Effects of Salidroside on Cobalt Chloride-Induced Hypoxia Damage and mTOR Signaling Repression in PC12 Cells

Abstract

Salidroside (SA), a phenylpropanoid glycoside isolated from Rhodiola rosea L., has been documented to exert a broad spectrum of pharmacological properties, including protective effects against neuronal death induced by various stresses. To provide further insights into the neuroprotective functions of SA, this study examined whether SA can attenuate cobalt chloride (CoCl₂)-induced hypoxia damage and mammalian target of rapamycin (mTOR) signaling repression in PC12 differentiated cells. Differentiated PC12 cells were exposed to CoCl₂ for 12 h to mimic hypoxic/ischemic conditions and treated with SA at the same time, followed by electron microscopy and analysis of cell viability, intracellular reactive oxygen species (ROS) level, hypoxia-inducible factor-1α (HIF-1α) level, and the regulated in development and DNA damage responses (REDD1)/mTOR/ p70 ribosomal S6 kinase (p70S6K) signaling pathway. Our data indicated that SA can dramatically attenuate the ultrastructural damage of mitochondria induced by CoCl₂ and significantly decrease CoCl₂-induced ROS production.

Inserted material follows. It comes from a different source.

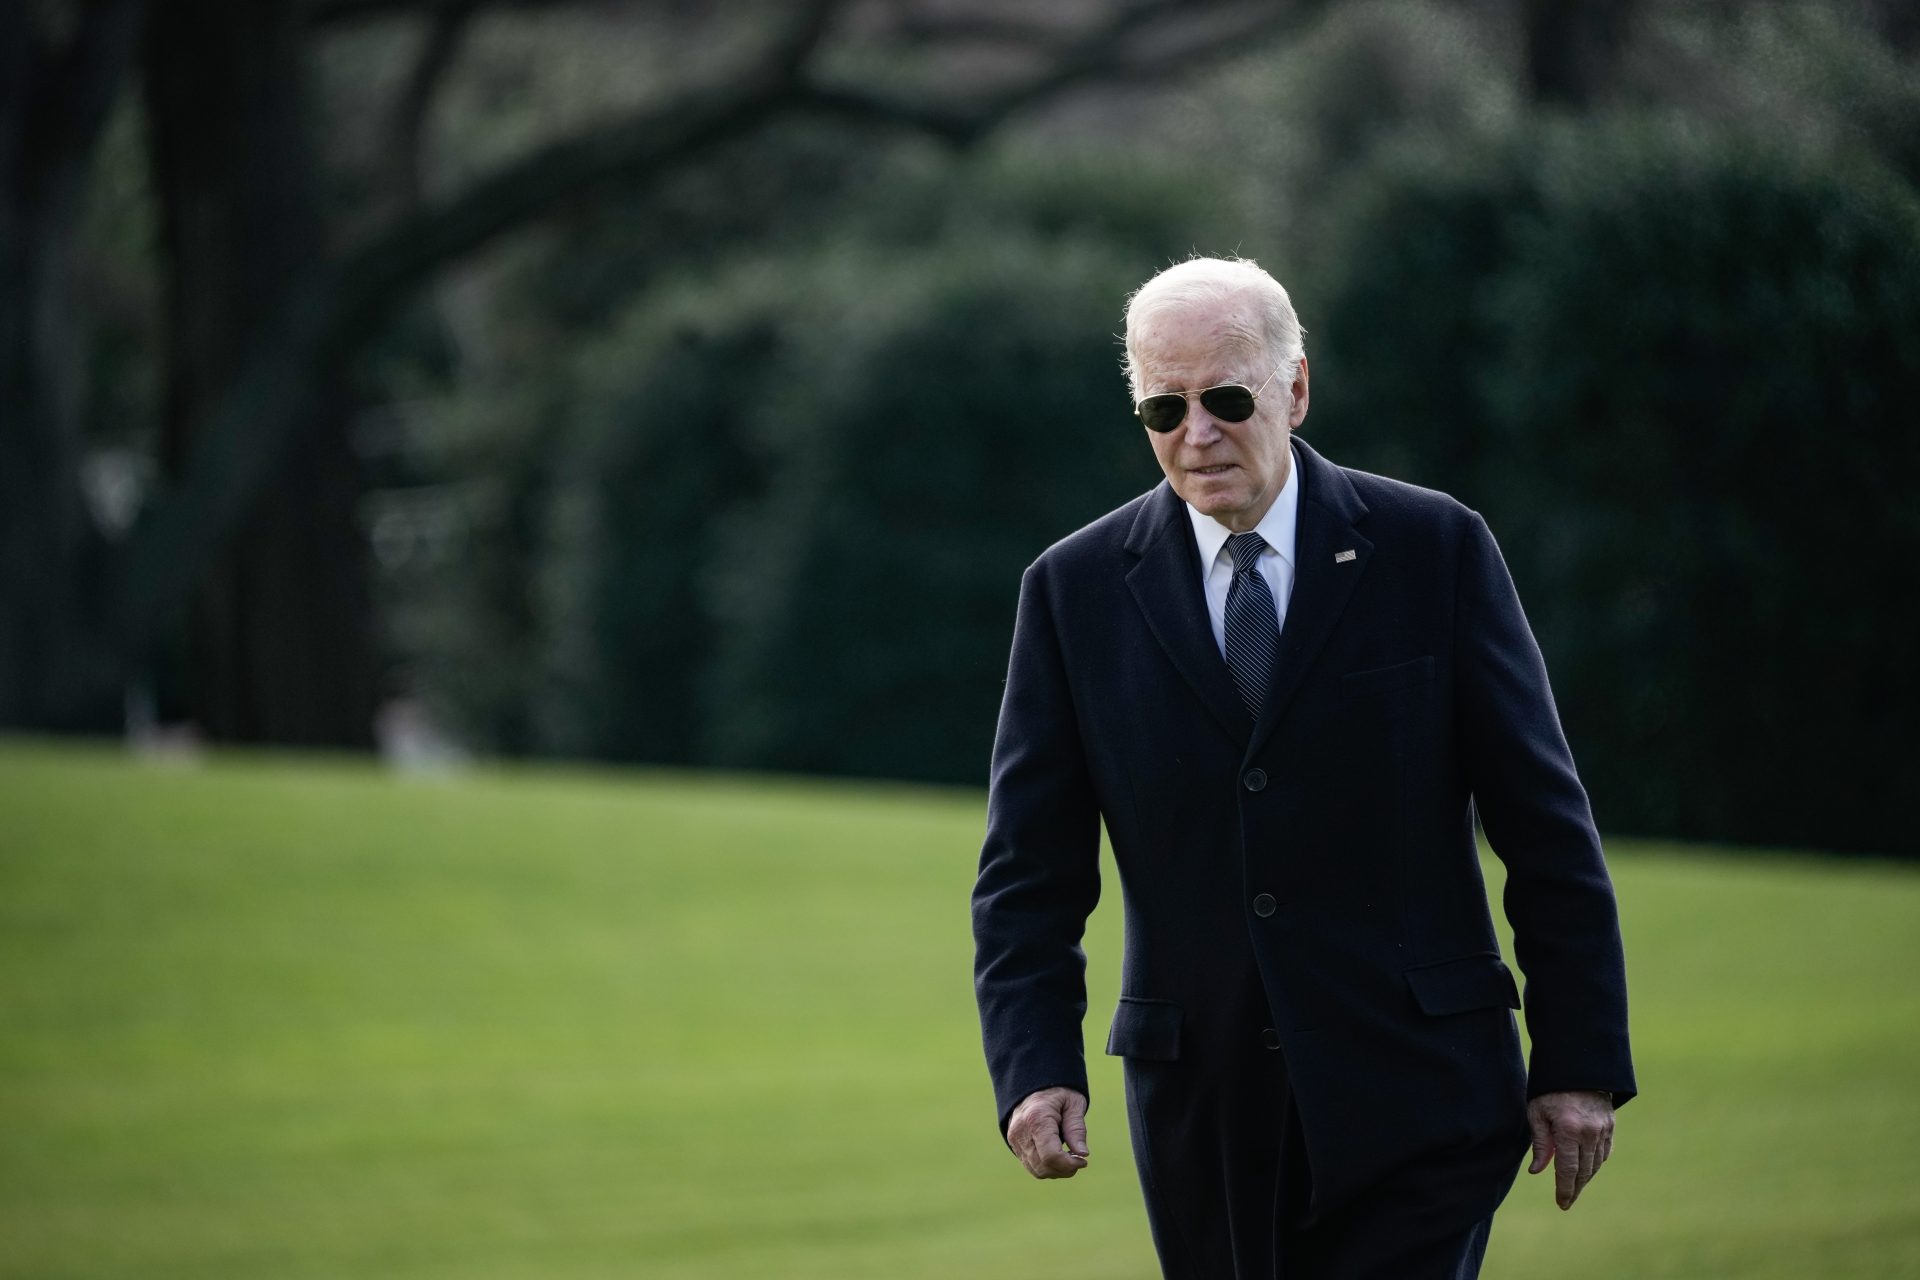 President Biden To Pardon Thousands Convicted On Cannabis Charges In Washington D.C. And Federal Lands thumbnail

Moreover, phosphorylated mammalian target of rapamycin (p-mTOR) was significantly reduced by CoCl₂, and this inhibition was relieved by the treatment of SA in PC12 cells, as evidenced by immunoblot and quantitative reverse transcription-polymerase chain reaction (qRT-PCR) analyses. The SA effects were blocked by pretreatment of RAD001. The results indicate that SA can rescue CoCl₂-induced repression of REDD1/mTOR/ p70S6K signal transduction in PC12 cells. Our data demonstrate that SA is able to attenuate CoCl₂-induced hypoxia damage and mTOR signaling repression, suggesting that SA may protect brain neurons from ischemic injury through mTOR signaling, and provide new insights into the prevention and treatment of cerebral ischemic.